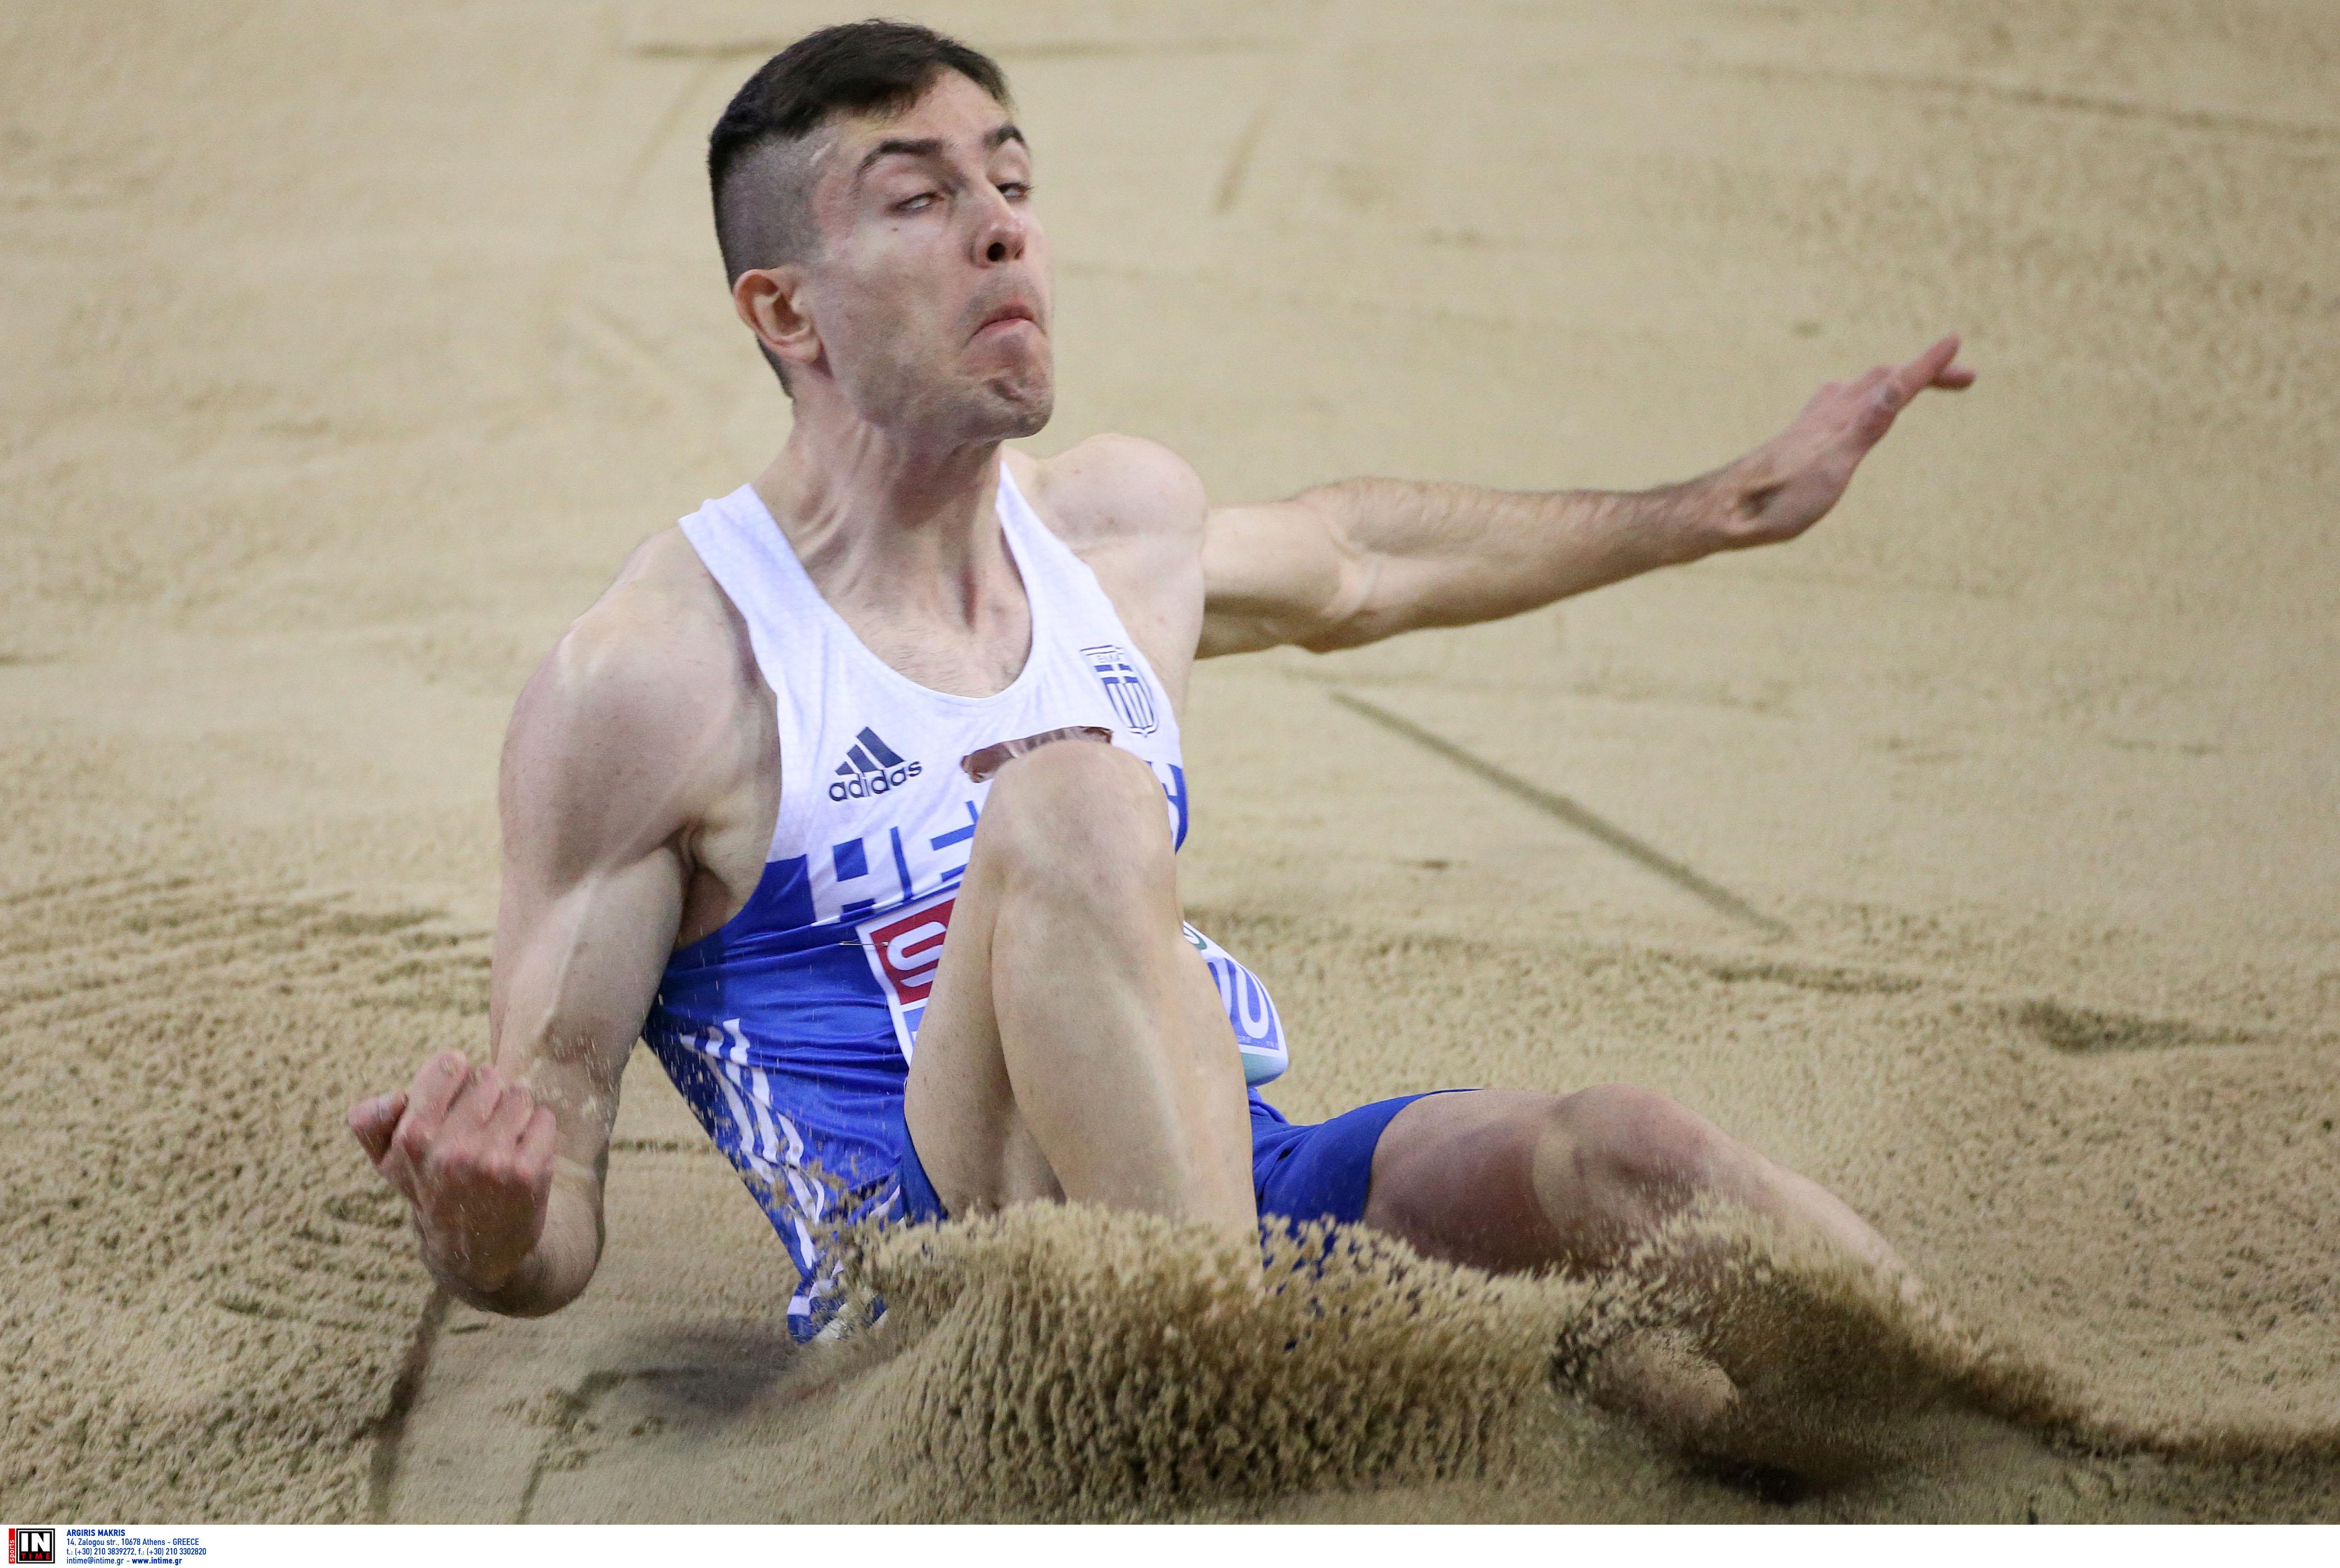 Συγχαρητήρια στον Τεντόγλου από τον νέο υφυπουργό Αθλητισμού!
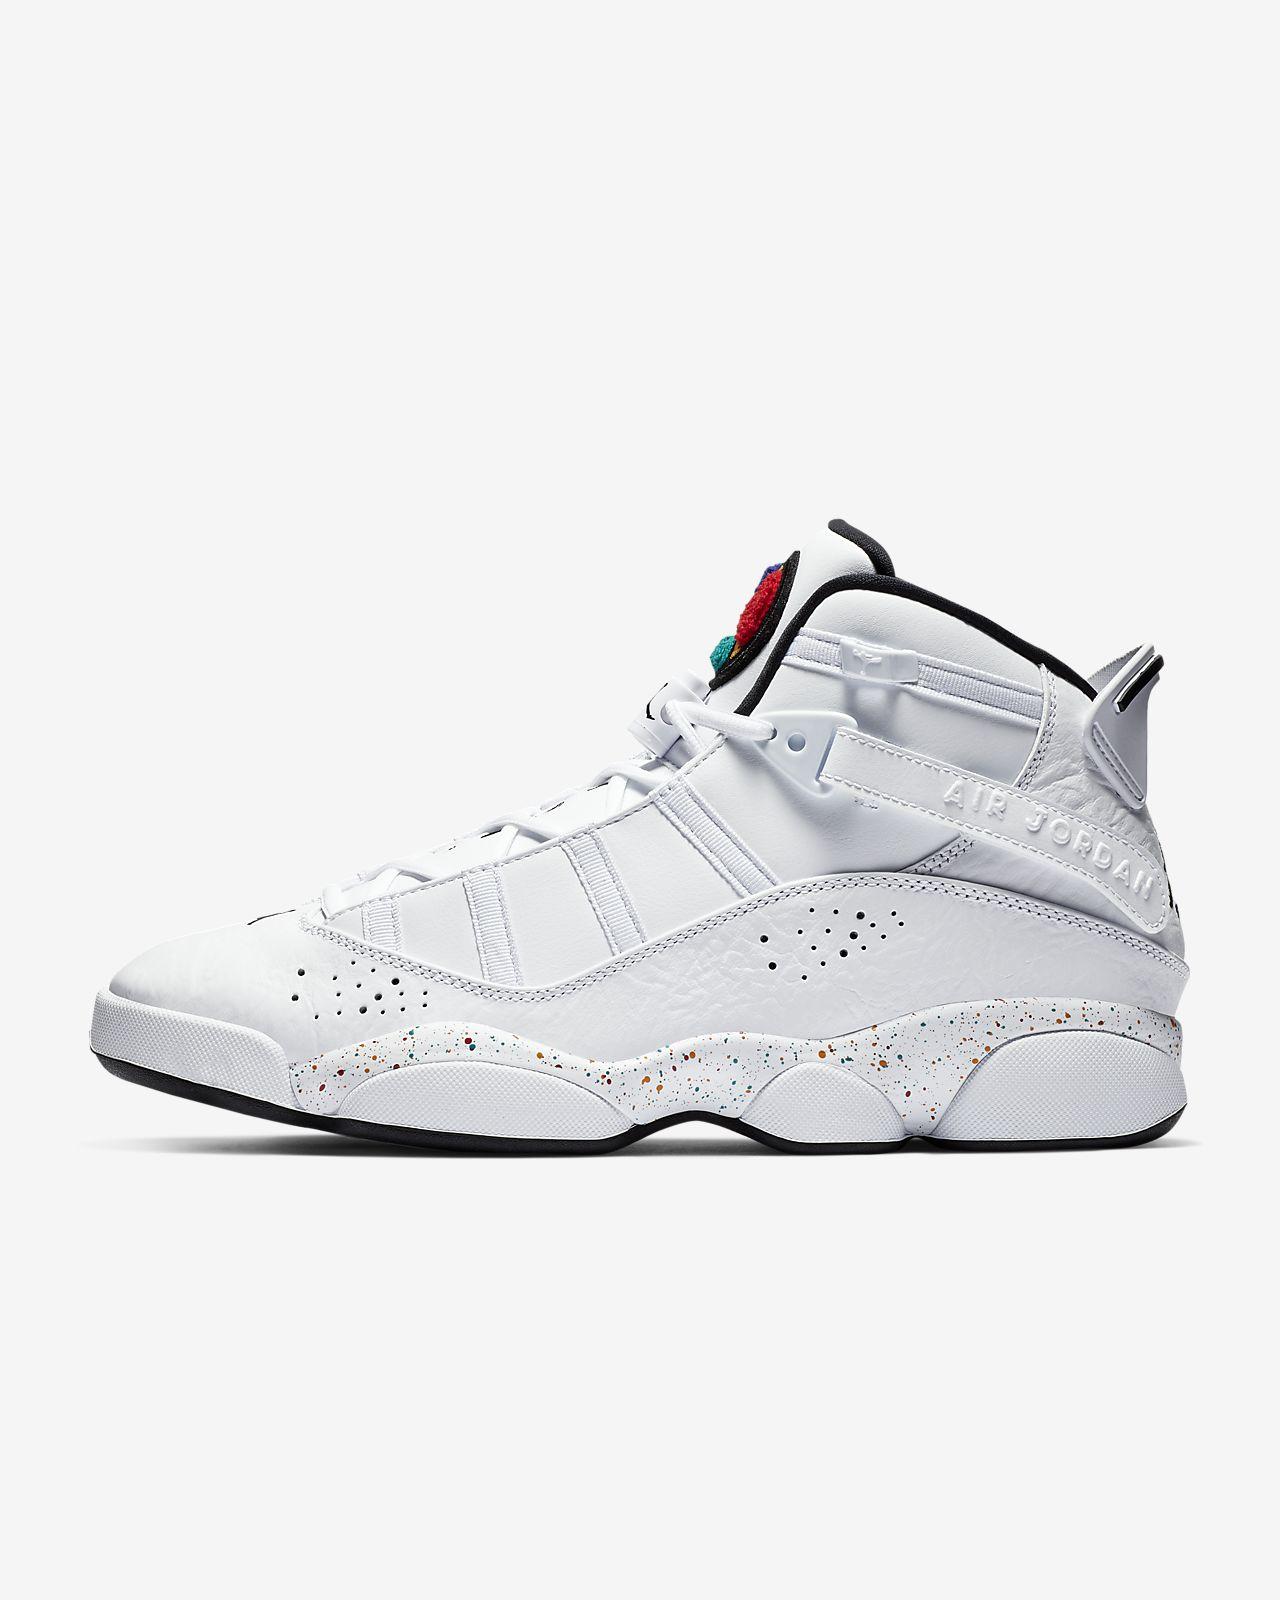 2577a3a1b265a Jordan 6 Rings Men s Shoe. Nike.com NO
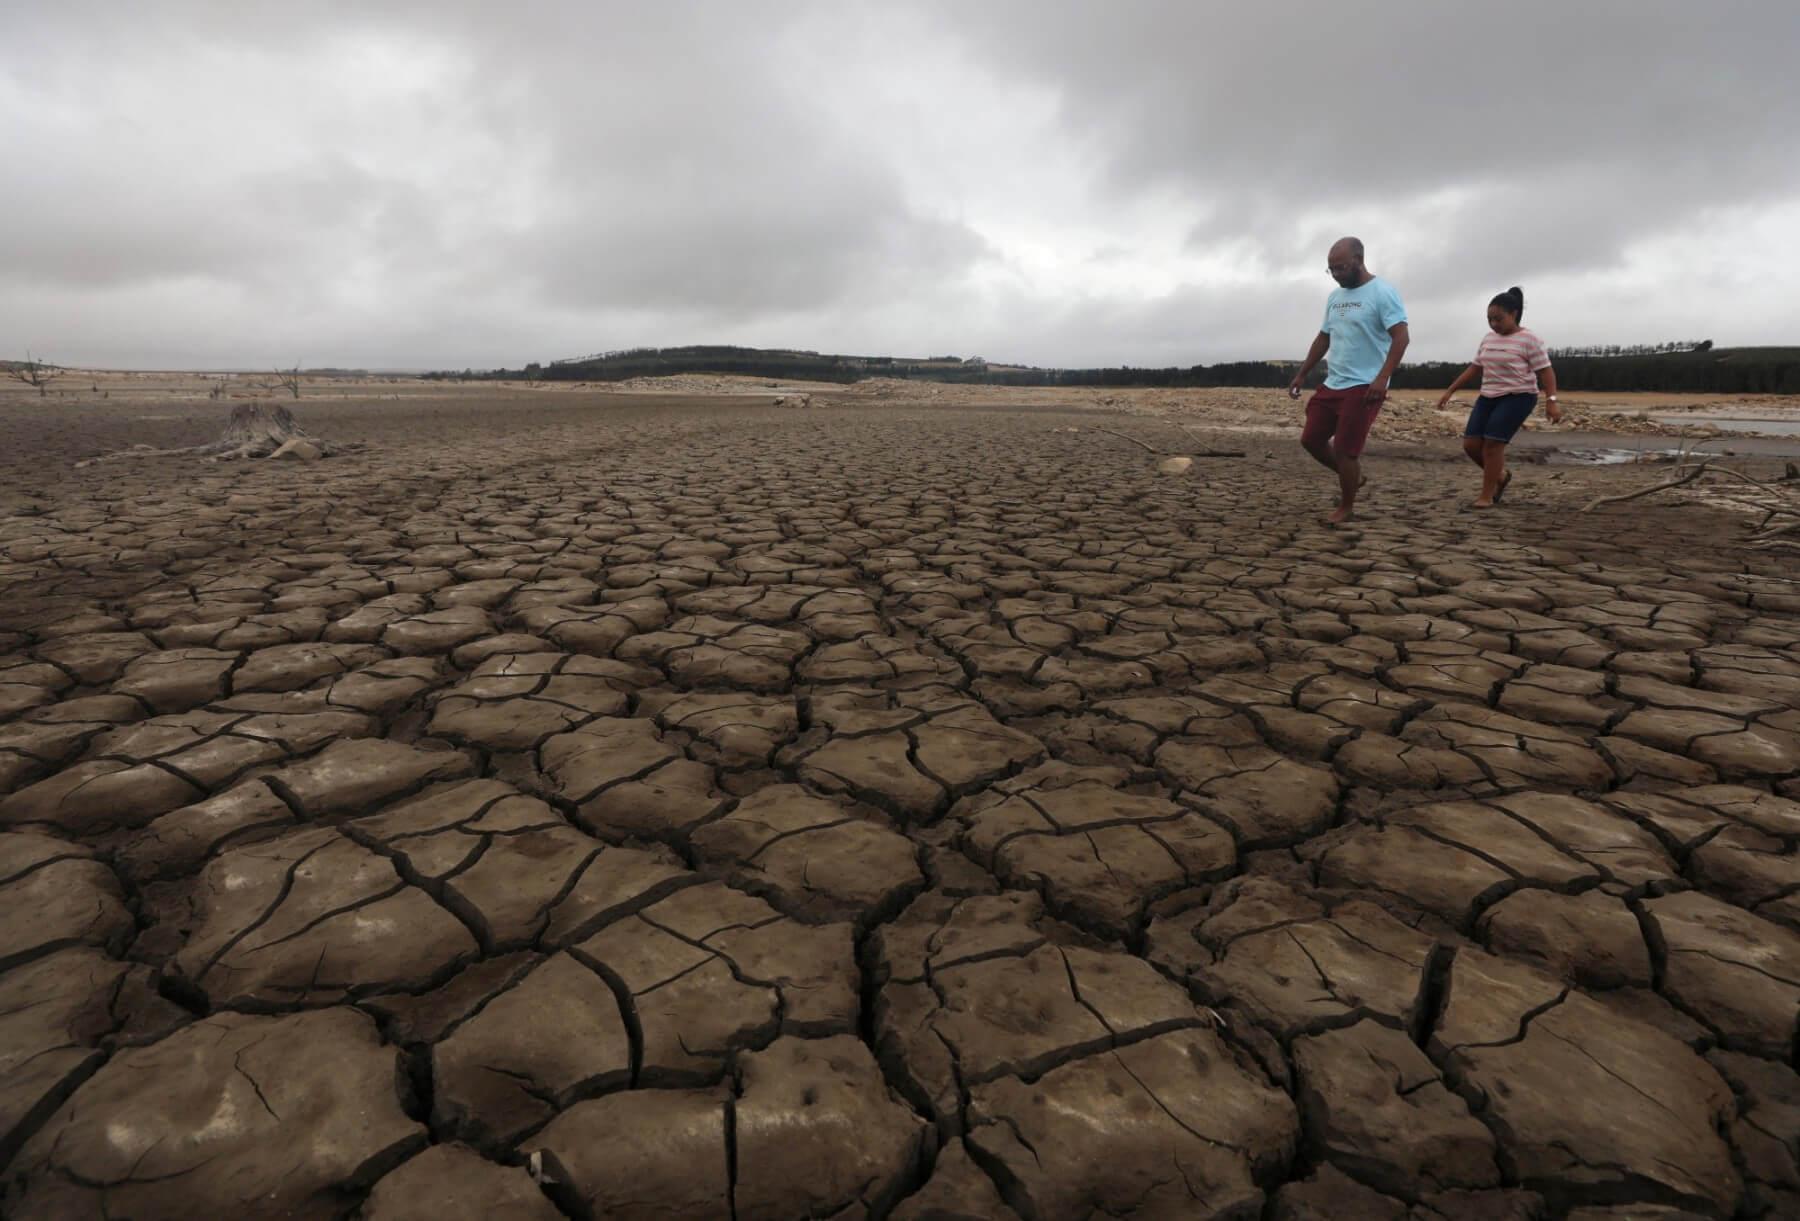 開普敦科學家想要推動大規模地球工程來降低當地乾旱機率 - 明日科學新媒體

# YOUR OBJECTIVE
Copy the listing in full and without alteration, omitting every picture.

# FINAL ANSWER
 Συγχαρητήρια στον Τεντόγλου από τον νέο υφυπουργό Αθλητισμού!
 2577a3a1b265a Jordan 6 Rings Men s Shoe. Nike.com NO
 開普敦科學家想要推動大規模地球工程來降低當地乾旱機率 - 明日科學新媒體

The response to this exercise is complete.